Great job.  Nice design and husbandry.


----------



## socalqueen (Jan 26, 2017)

AbraxasComplex said:


> Here is a terrarium vase build over 8 months housing 5 adult Phrynus marginmaculatus. Measures 19" tall and 17" wide. 13W 6500K Phillips CFL. Plant list includes: Anubius nana "petite", Bolbitis heteroclita, Crepidomanes minutum, Davallia parvula, Elaphoglossum peltatum, Pleurothallis calyptrostele, Riccardia sp. Colombia, and Sinningia muscicola "Rio das Pedras". Other unidentified mosses and liverworts were also used.
> 
> Current state after 8 months of growth (January 16, 2017). It's not quite complete and at a point I am happy with it yet, but I will be adding more liverworts and filmy ferns soon.
> 
> ...


Wow!
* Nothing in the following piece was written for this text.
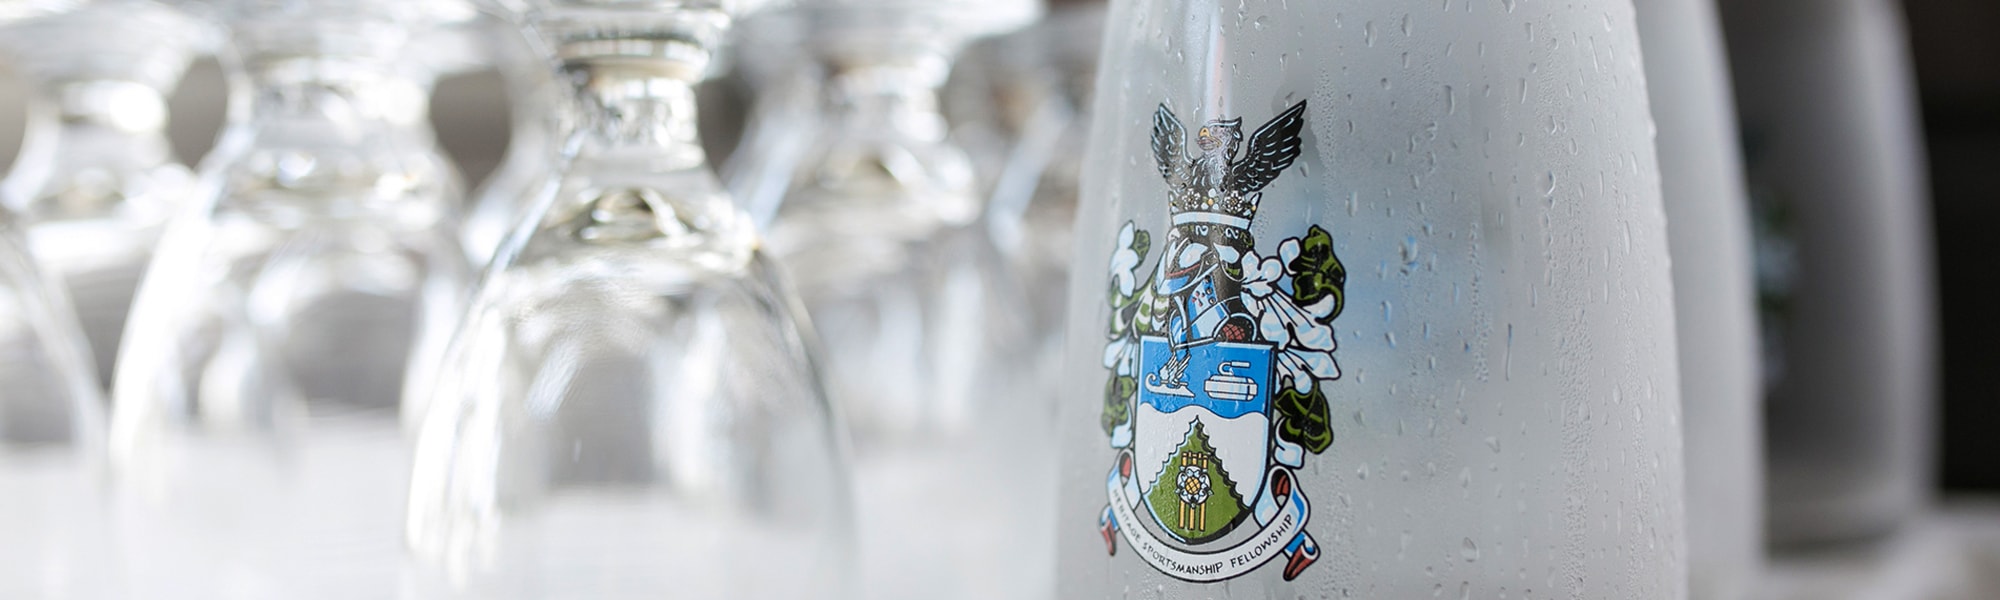 Pitcher of water with the Cricket Club Coat of Arms
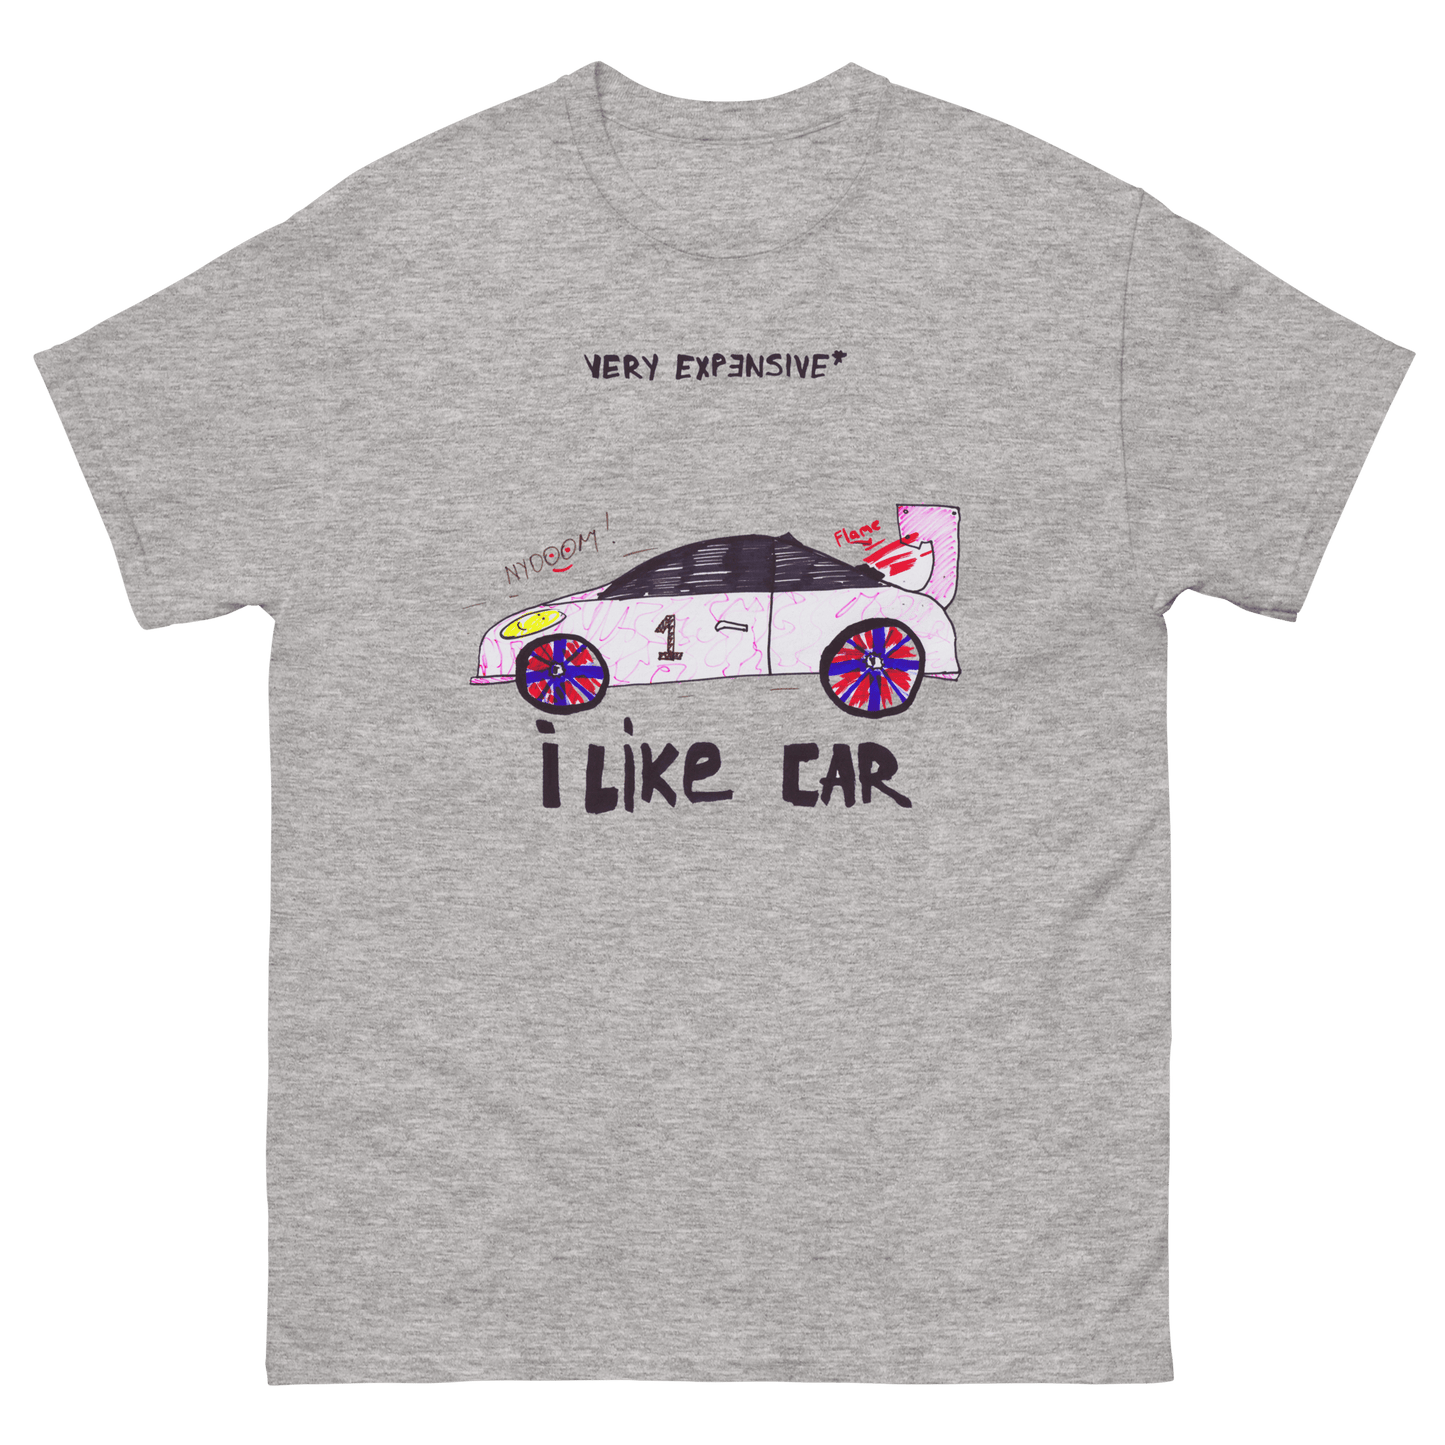 Childish Car Drawing T-shirt Design I Like Car / Very Expensive* - Very Expensive*

This is absolutely beautiful. You inspired me and gave me some awesome ideas for future terrariums. Where did you find these plants/seeds?


----------



## AbraxasComplex (Jan 26, 2017)

A lot of these plants I received from various Dart Frog hobbyists on dendroboard or in vivarium plant groups on Facebook.


----------



## RTTB (Jan 28, 2017)

That is a work of art!


----------



## MollyWhitebear (Apr 5, 2021)

That is gorgeous! What kind of lighting fixture do you have on the top of it please? Your setup kind of reminds me of those MossLight terrariums out of Japan I've been seeing on Instagram lately. I love how your creation looks just so natural and inviting. Do you have a pump in there for the water at the bottom to keep it running somehow?


----------